_Collected material:_
# # #
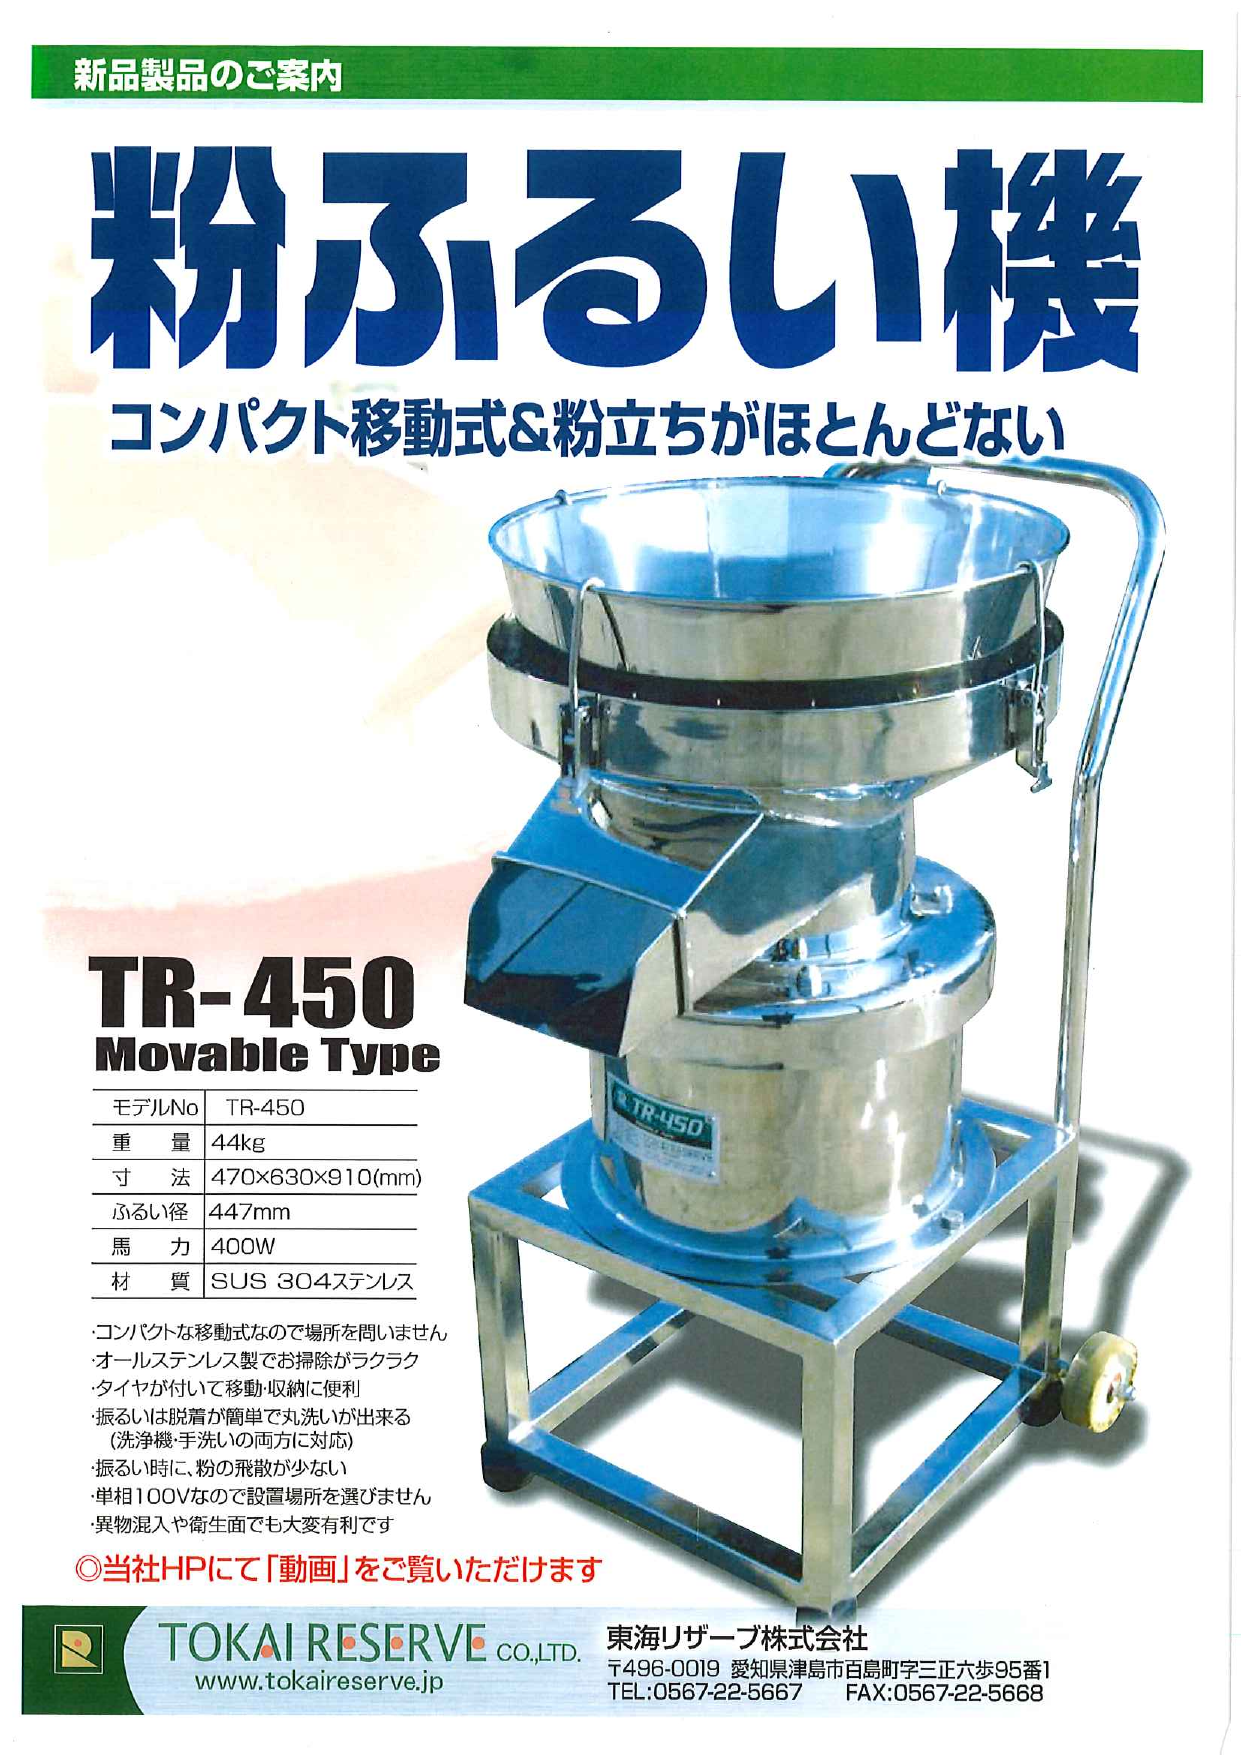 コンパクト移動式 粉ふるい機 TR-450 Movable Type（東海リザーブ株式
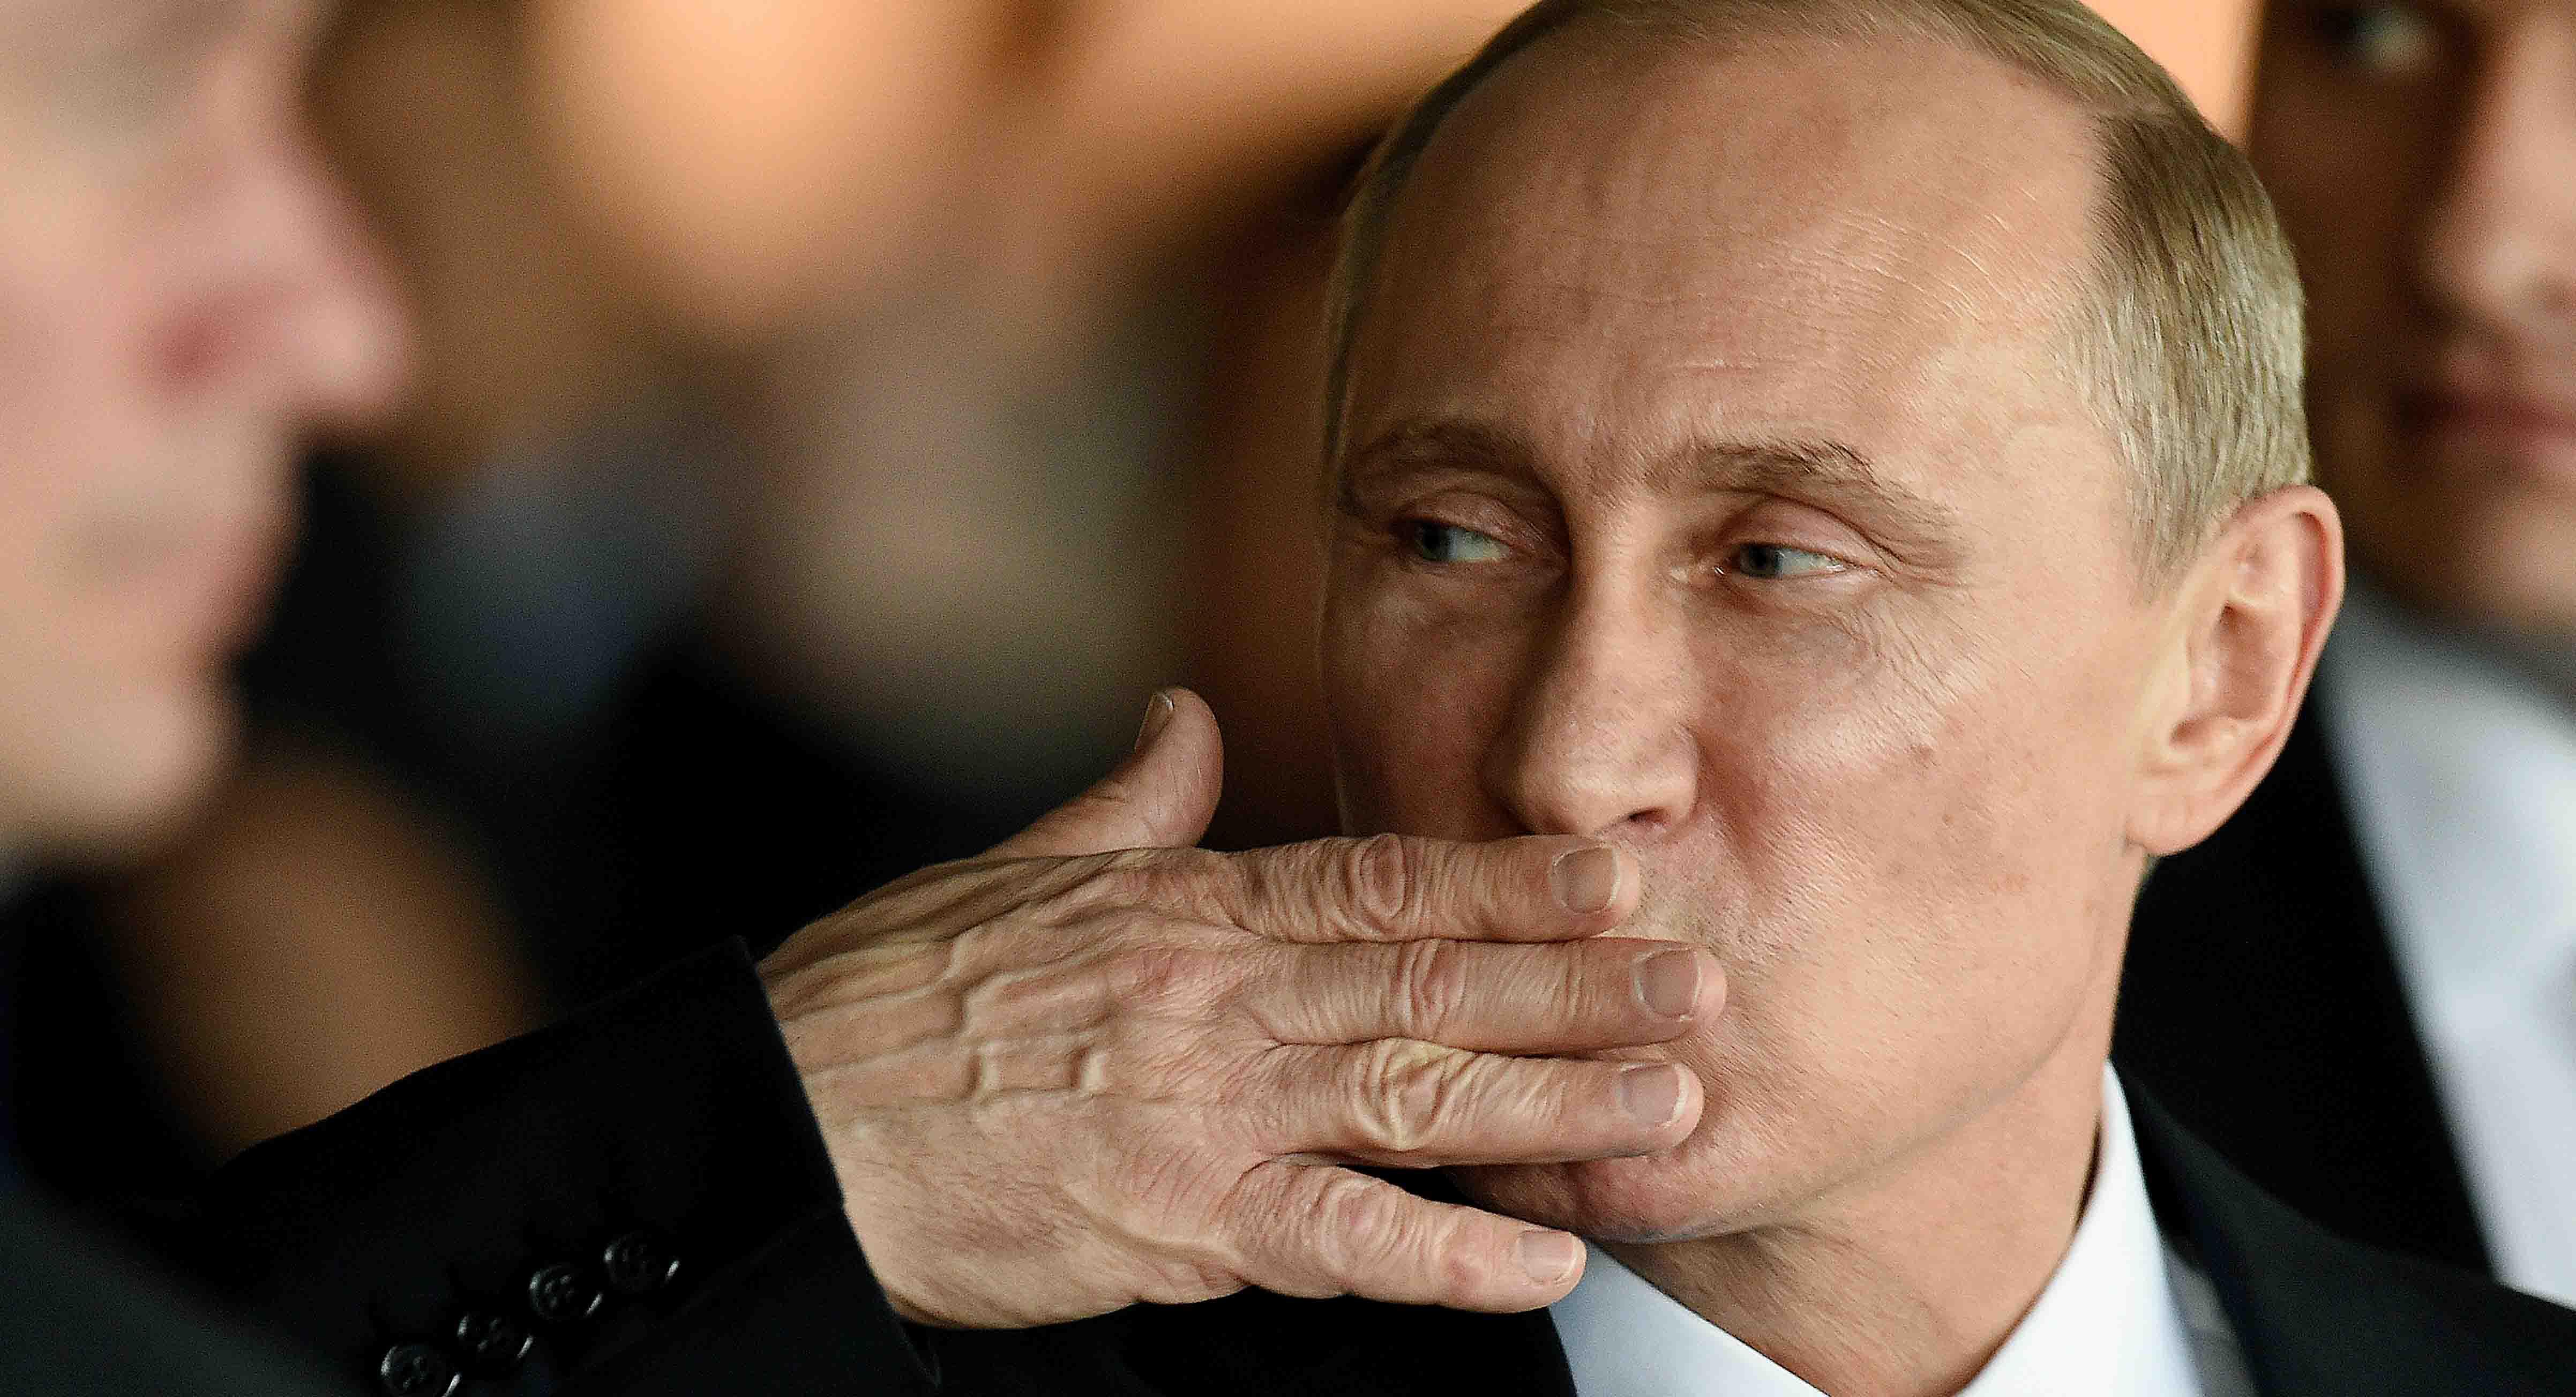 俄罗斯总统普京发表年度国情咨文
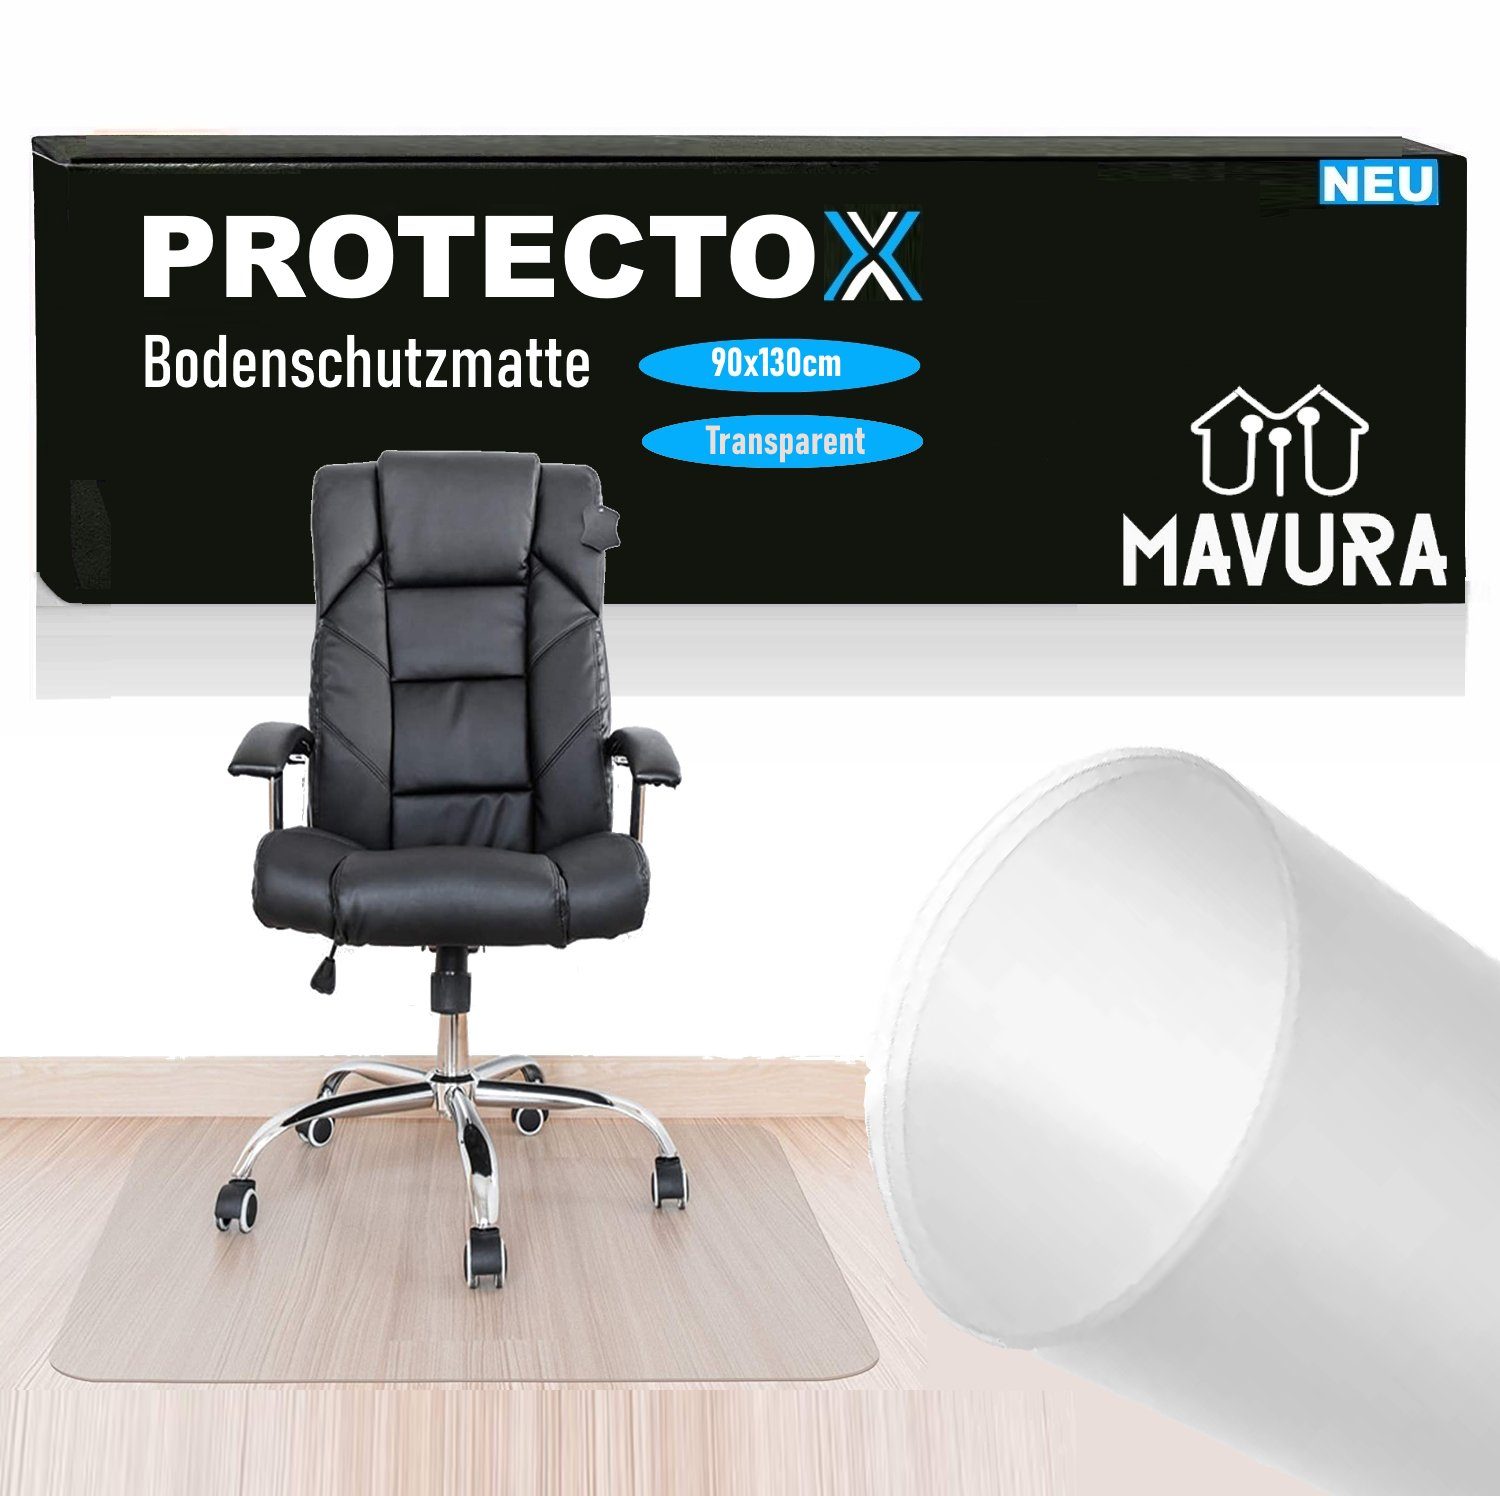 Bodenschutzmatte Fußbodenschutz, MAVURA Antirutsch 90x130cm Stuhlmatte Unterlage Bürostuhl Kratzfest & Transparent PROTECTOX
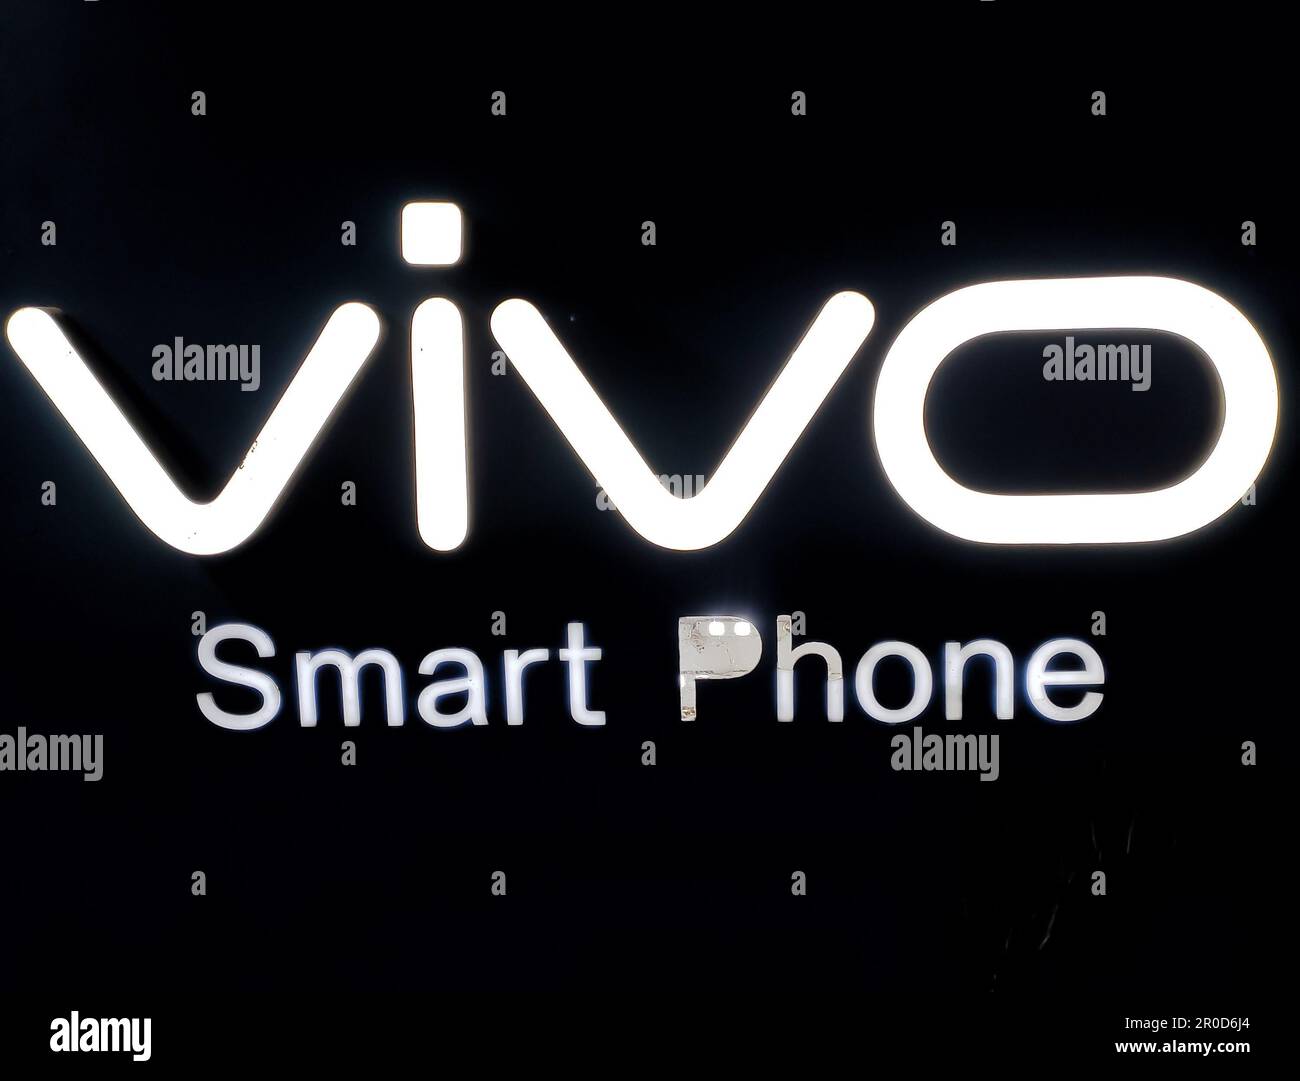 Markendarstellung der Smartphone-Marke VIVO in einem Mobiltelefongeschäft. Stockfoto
# # #
_Description of the task:_ Only the lines from the one containing "Bodenschutzmatte Fußbodenschutz, MAVURA" through the final line of the data should be given again, exactly and without pictures.

_Answer area:_
 Bodenschutzmatte Fußbodenschutz, MAVURA Antirutsch 90x130cm Stuhlmatte Unterlage Bürostuhl Kratzfest & Transparent PROTECTOX
 Markendarstellung der Smartphone-Marke VIVO in einem Mobiltelefongeschäft. Stockfoto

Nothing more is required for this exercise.